Quality-Driven Agentic Reasoning for LLM-Assisted Software Design: Questions-of-Thoughts (QoT) as a Time-Series Self-QA Chain
New 'Questions-of-Thoughts' method improves AI-generated API, data, and file system designs by up to 40% on quality scores.
Researchers Yen-Ku Liu and Yun-Cheng Tsai have introduced a novel framework called Questions-of-Thoughts (QoT) to tackle persistent quality issues in AI-assisted software development. The method acts as an inference-time scaffold that transforms a user's goal into a structured, ordered sequence of engineering steps. Crucially, it incorporates a time-series self-questioning chain, where the LLM verifies constraints and reduces omission errors at each step, maintaining a lightweight reasoning record to stabilize subsequent design decisions. This approach directly targets common failure modes like incomplete implementations, weak modularization, and inconsistent security practices that plague current LLM-generated code.
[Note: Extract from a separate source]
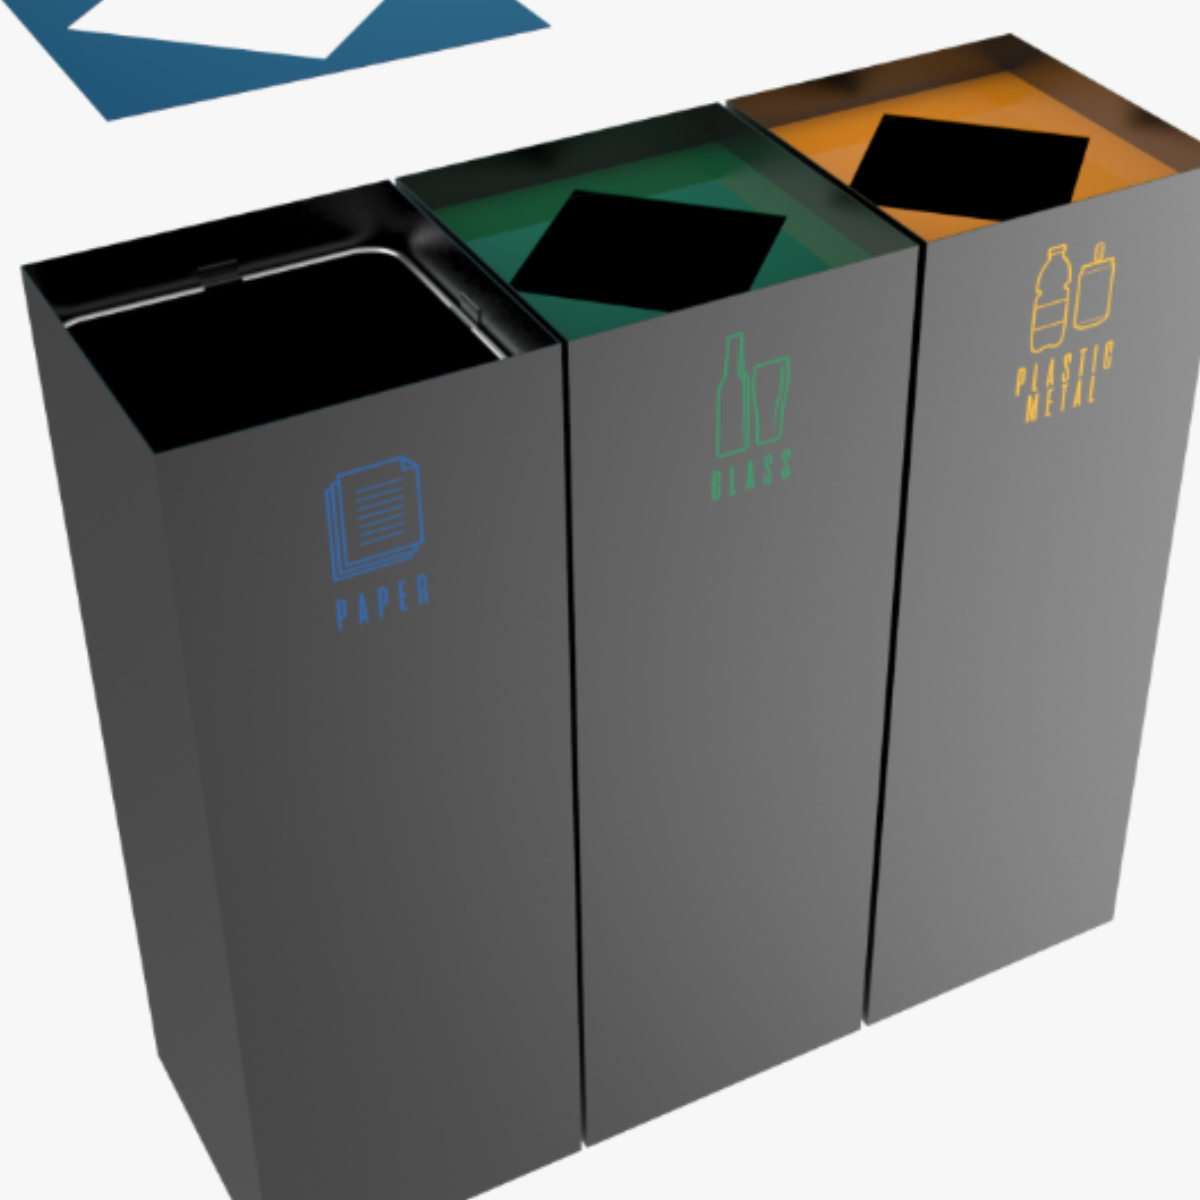 AB-791 3'Part Recycle Bin

The team rigorously evaluated QoT across three complex backend engineering domains: API Design, Data Communication, and File Systems. They scored the AI-generated artifacts using a custom, ISO/IEC-inspired quality rubric measuring Scalability, Completeness, Modularity, and Security. Results showed the improvements are capacity-dependent; larger, more capable models like GPT-4 and Claude 3.5 Opus saw consistent and significant quality gains when using QoT, with domain-wise score improvements often exceeding 40%. However, smaller models sometimes faced trade-offs due to tight context windows and planning budgets. The researchers have released their full artifact—including prompts, scoring guidelines, and reproduction scripts—to support further applied AI and software engineering research.
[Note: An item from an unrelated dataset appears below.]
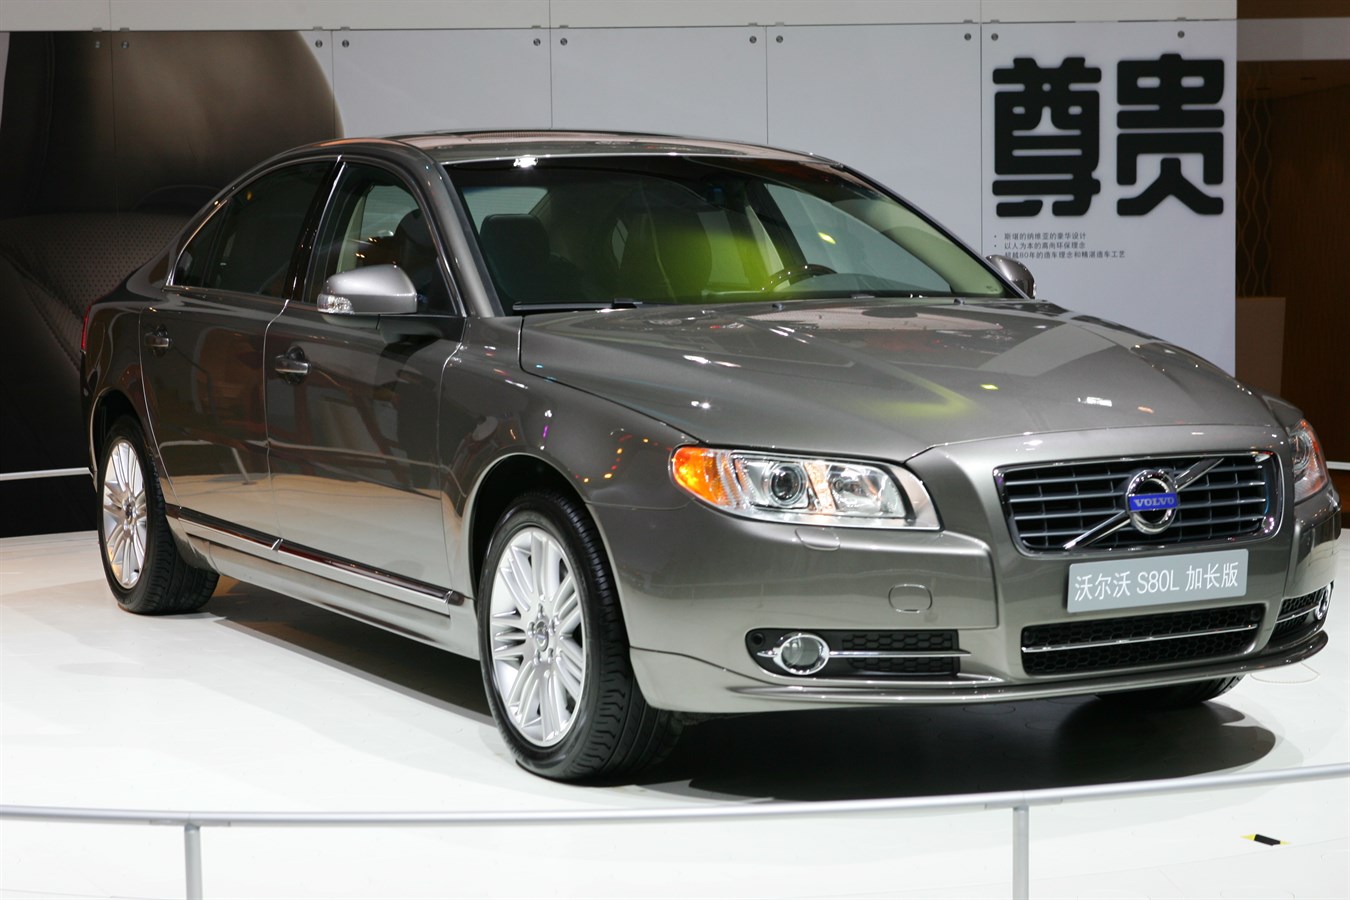 Volvo S80L - long wheelbase, built for the Chinese market (front7side)

- QoT is a scaffold that creates ordered engineering steps and a self-QA chain for LLMs, improving design verification.
- Tested on API, Data, and File System tasks, it boosted quality scores for larger models by over 40% on an ISO-inspired rubric.
- The framework is open-source, providing prompts and scripts to reproduce results for AI-assisted software engineering research.
Why It Matters
Provides a structured method to significantly improve the reliability and quality of AI-generated software architecture and code.